Your AI Has a Voice. That Was the Easy Part.

A good AI model isn't a voice agent, any more than a brilliant new hire is a functioning employee. Here are 60 things we had to build around the model to make a phone call actually sound human, answer in real time, and get real work done. The model is the easy part.

M
MoltBot Ninja
12 min read
🦞

There is a comfortable myth going around right now: that a good enough AI model is a voice agent. Plug a speech model into a phone number and you have a receptionist, a scheduler, a sales rep who never sleeps.

You don't. You have a brain in a jar.

The gap between "a brilliant AI model" and "a phone agent that actually sounds human and gets things done" is the same gap as between a genius new hire and a functioning employee. The hire is smart. But on day one they don't know where anything is, they can't reach the tools, they have no idea when it's their turn to speak, and they will happily talk straight over a customer mid-sentence. The intelligence was never the hard part. The harness around it is.

We build voice agents for a living. And we can tell you that the model, the part everyone fixates on, is maybe 10% of the work. Here's a tour of the other 90%, and why it's the difference between a demo and something you'd actually let answer your phone.


The model doesn't know you stopped talking

Here's the thing nobody tells you. A model doesn't hear a phone call. It hears a raw stream of audio, and something else entirely has to decide the exact instant a human finished a sentence so the model can respond. That decision has a name in our world: endpointing. And it is brutal.

Wait a beat too long and the agent feels slow, dead, robotic. Cut in a fraction too early and you've just interrupted your own customer mid-thought, which is precisely how a call goes off the rails. Off-the-shelf, this decision can take well over a second of dead silence after every single sentence. That alone is the difference between "wow, that felt human" and "ugh, this is a robot."
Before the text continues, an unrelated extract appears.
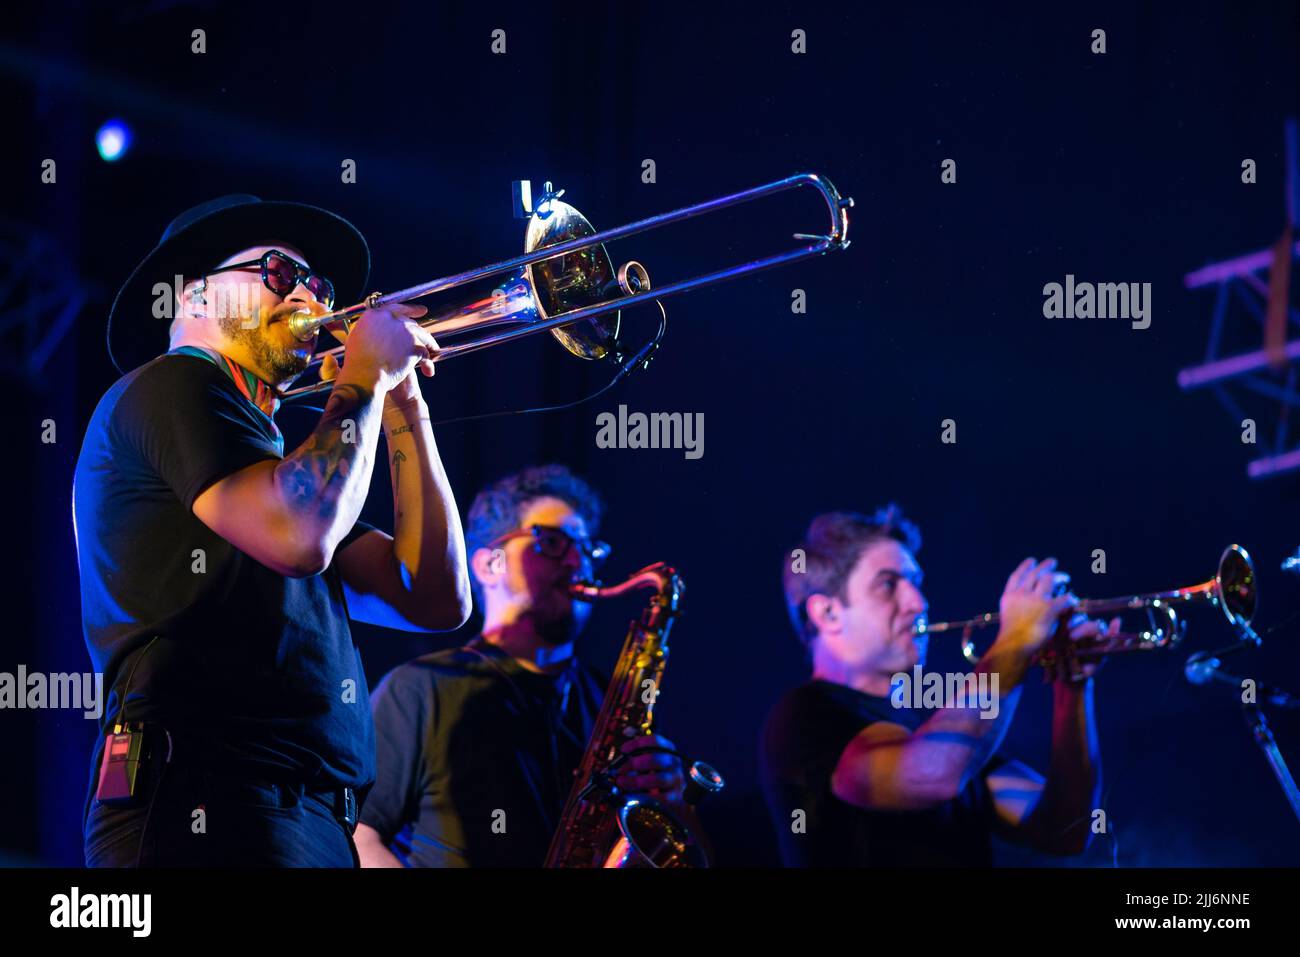 Denis Ramos, Mauricio Ortiz and Martin Gil performs during No Te Va a Gustar concert in Corrientes, Argentina. Stock Photo

So the first thing we had to build was our own listening system, tuned to shave that delay down to a fraction. Then it got subtle in ways that took months to get right:

  • A quick "yes" and a long, thoughtful sentence with a pause in the middle look identical to a naive system. Both are short bursts followed by silence. One is a complete answer; the other is a person who isn't done. So the agent has to apply different patience depending on what it's hearing.
  • A cough, a click, a stray "um" should not start a turn and make the agent respond to nothing.
  • The first soft syllable of a word is quiet. By the time a system notices speech, that syllable is already gone, so the agent hears a clipped, confusing fragment. We had to learn to capture the audio from before it decided you were talking.

And the one that haunted us: early on, an agent hung up on a real person. It cut them off mid-sentence, heard the garbled half-word, read it as "that's everything, goodbye," and ended the call. That bug does not live in the model. It lives in the seam between the audio and the model, and closing it took a dedicated mechanism whose entire job is to never, ever mistake an interruption for a farewell.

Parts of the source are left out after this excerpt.